RECORDED DATA =>
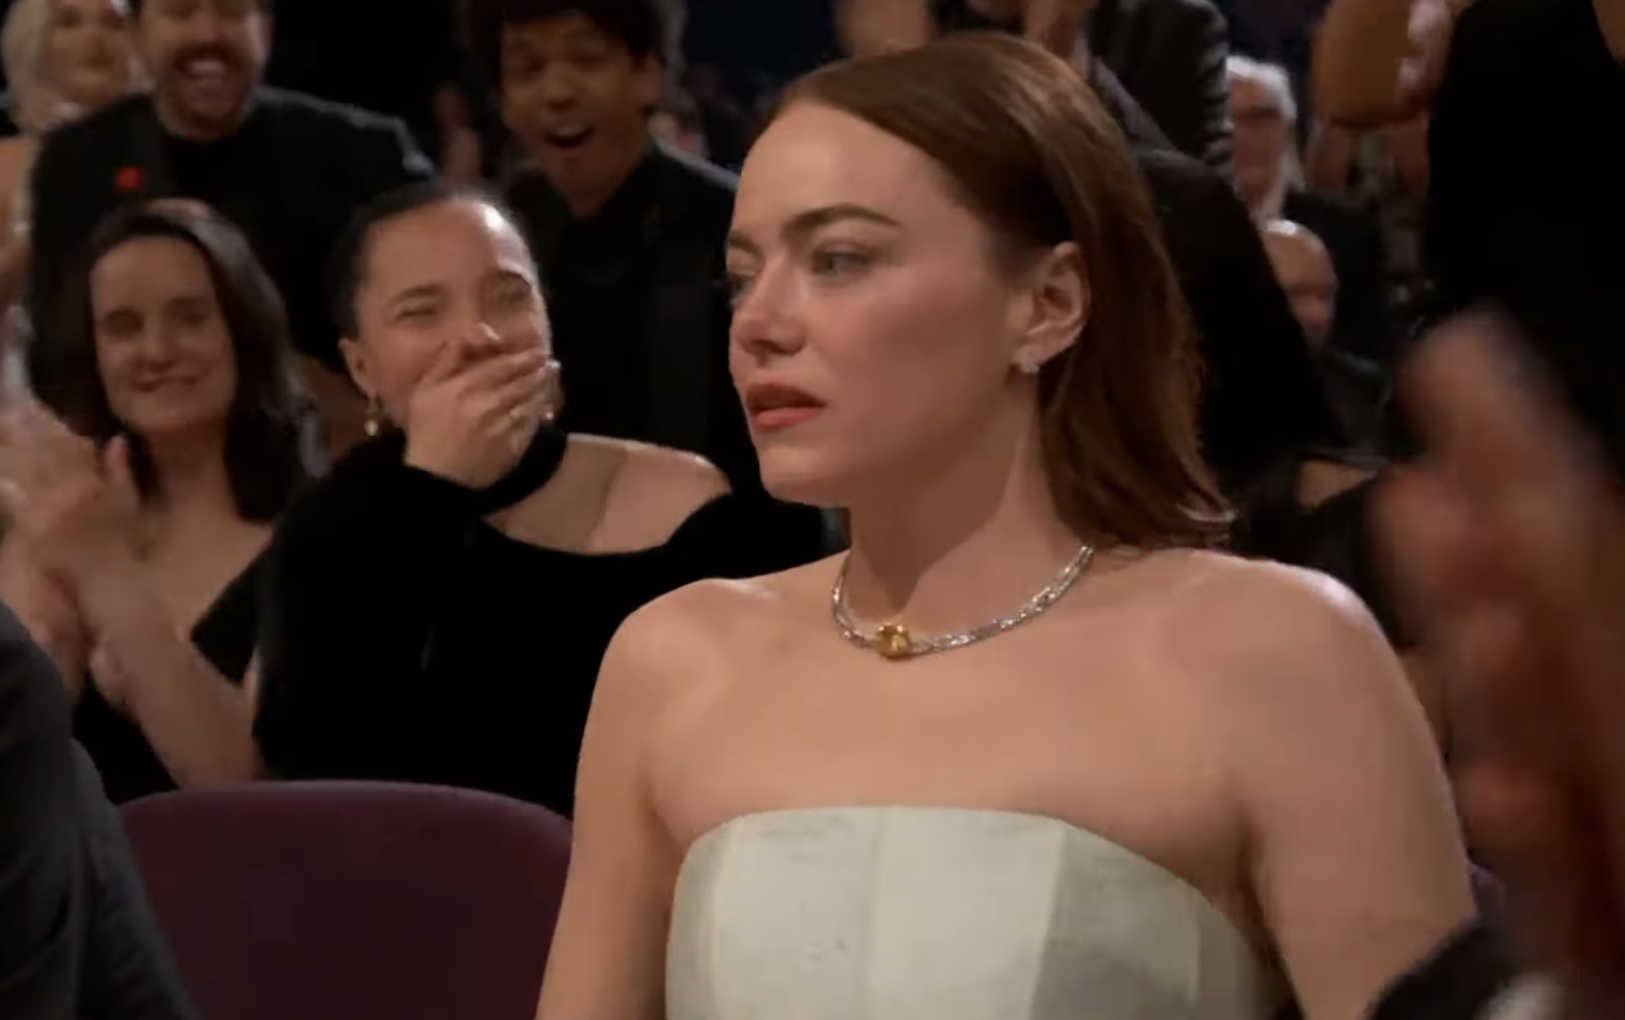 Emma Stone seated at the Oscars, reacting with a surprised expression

==

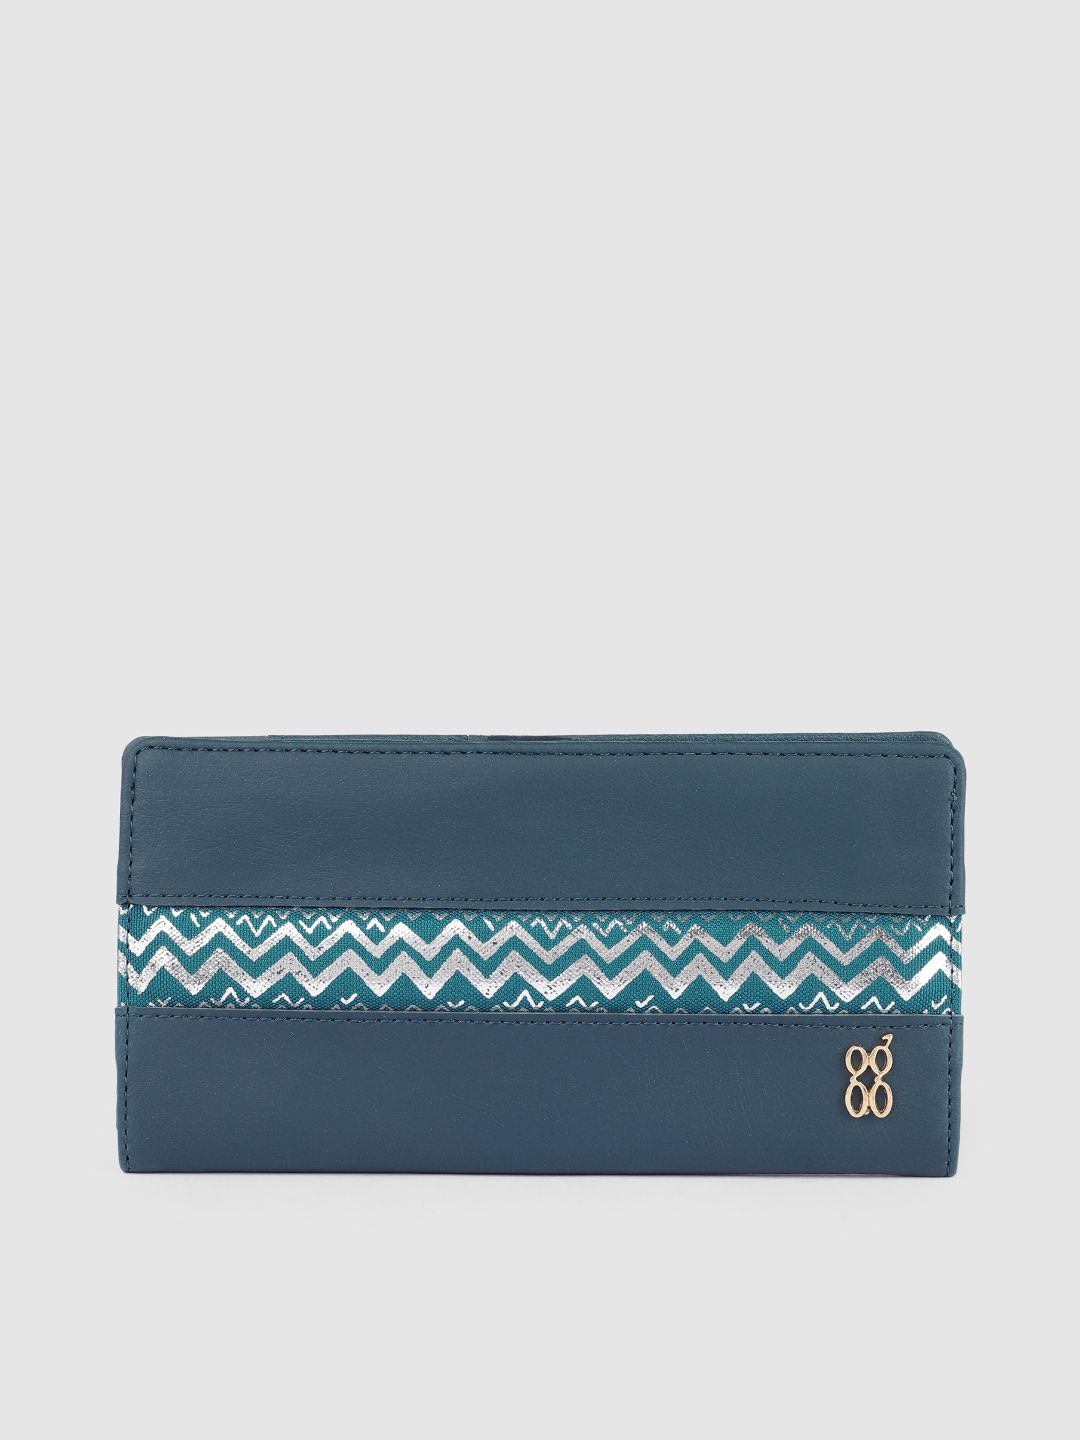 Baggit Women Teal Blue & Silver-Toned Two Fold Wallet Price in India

--

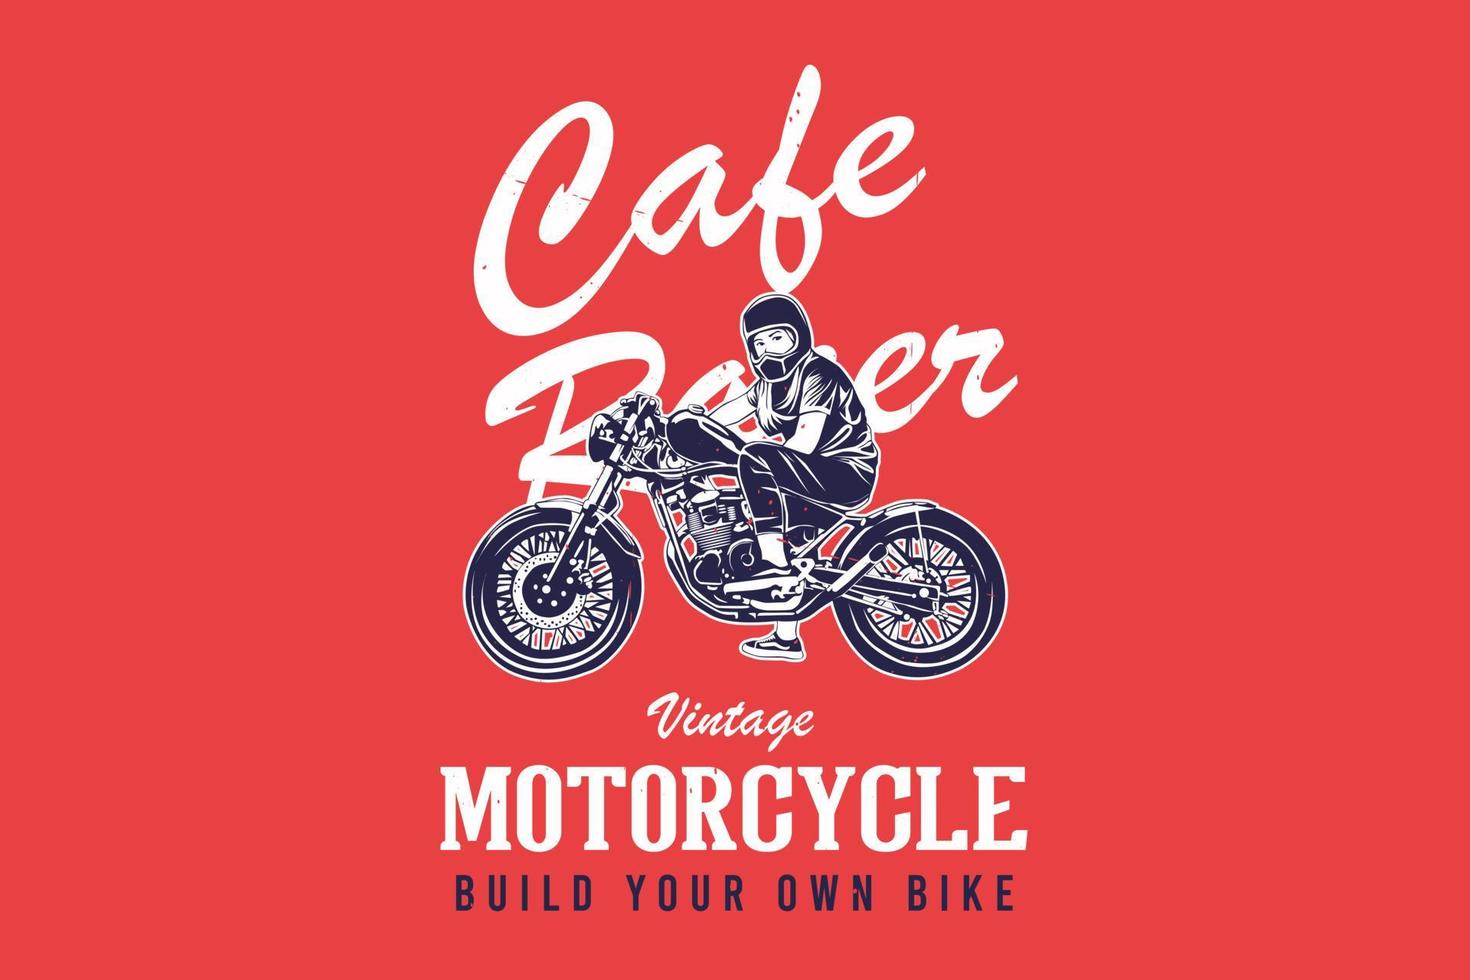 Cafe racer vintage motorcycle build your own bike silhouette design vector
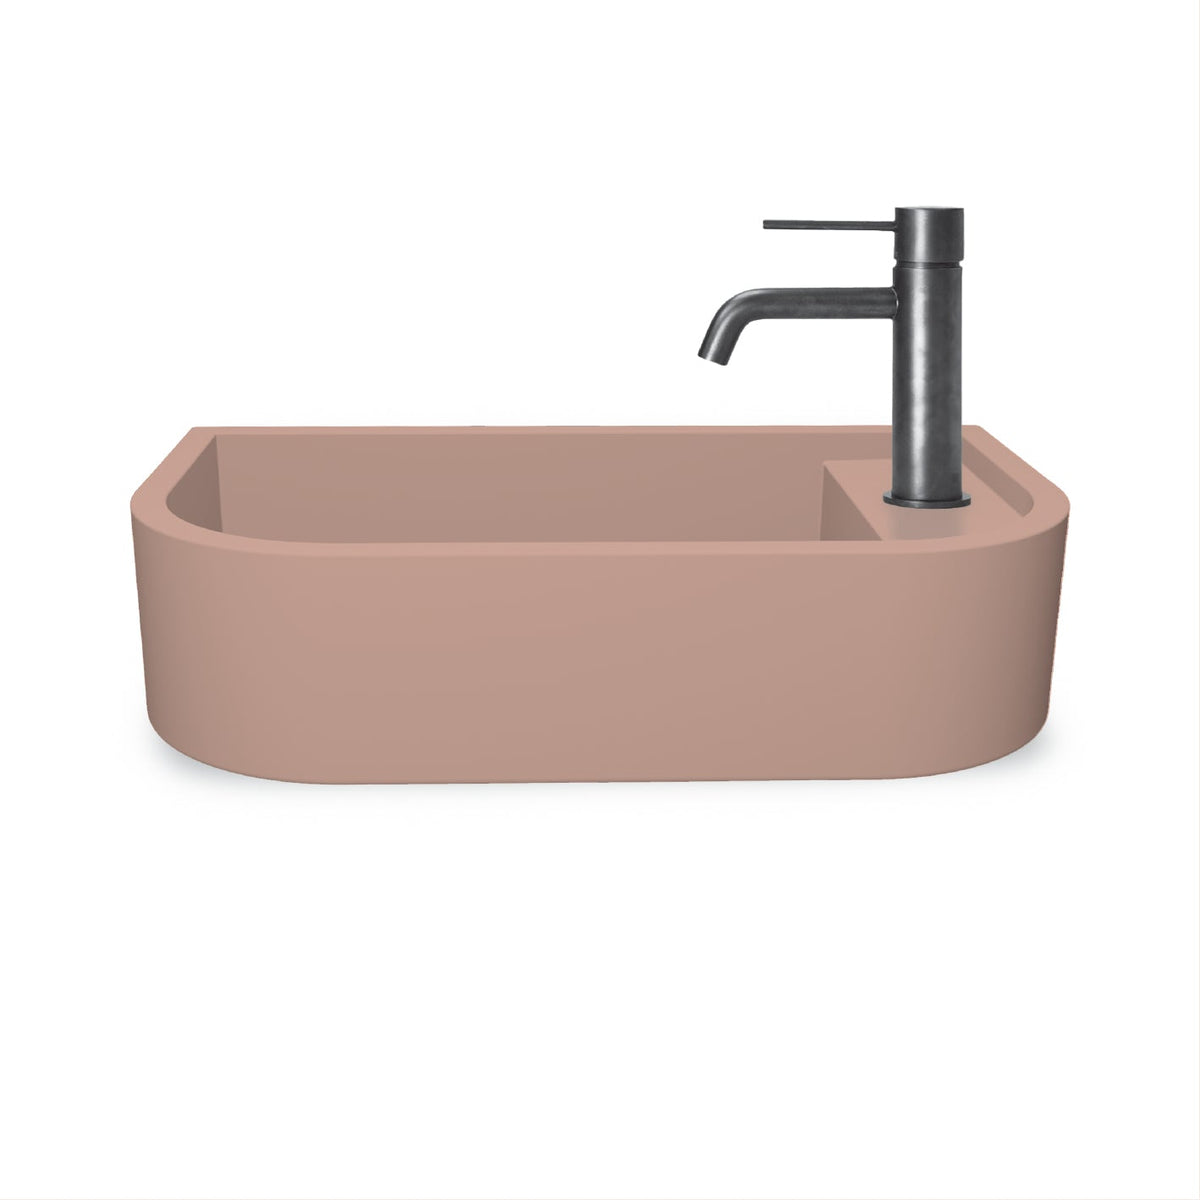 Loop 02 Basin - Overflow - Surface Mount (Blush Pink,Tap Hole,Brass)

REQUIRED ACTION => Everything above from the line that has "Cafe racer vintage" down to the line that has "Loop 02 Basin" should be output exactly, with both of those lines included. Leave the pictures behind.

TASK SOLUTION =>
 Cafe racer vintage motorcycle build your own bike silhouette design vector
 Loop 02 Basin - Overflow - Surface Mount (Blush Pink,Tap Hole,Brass)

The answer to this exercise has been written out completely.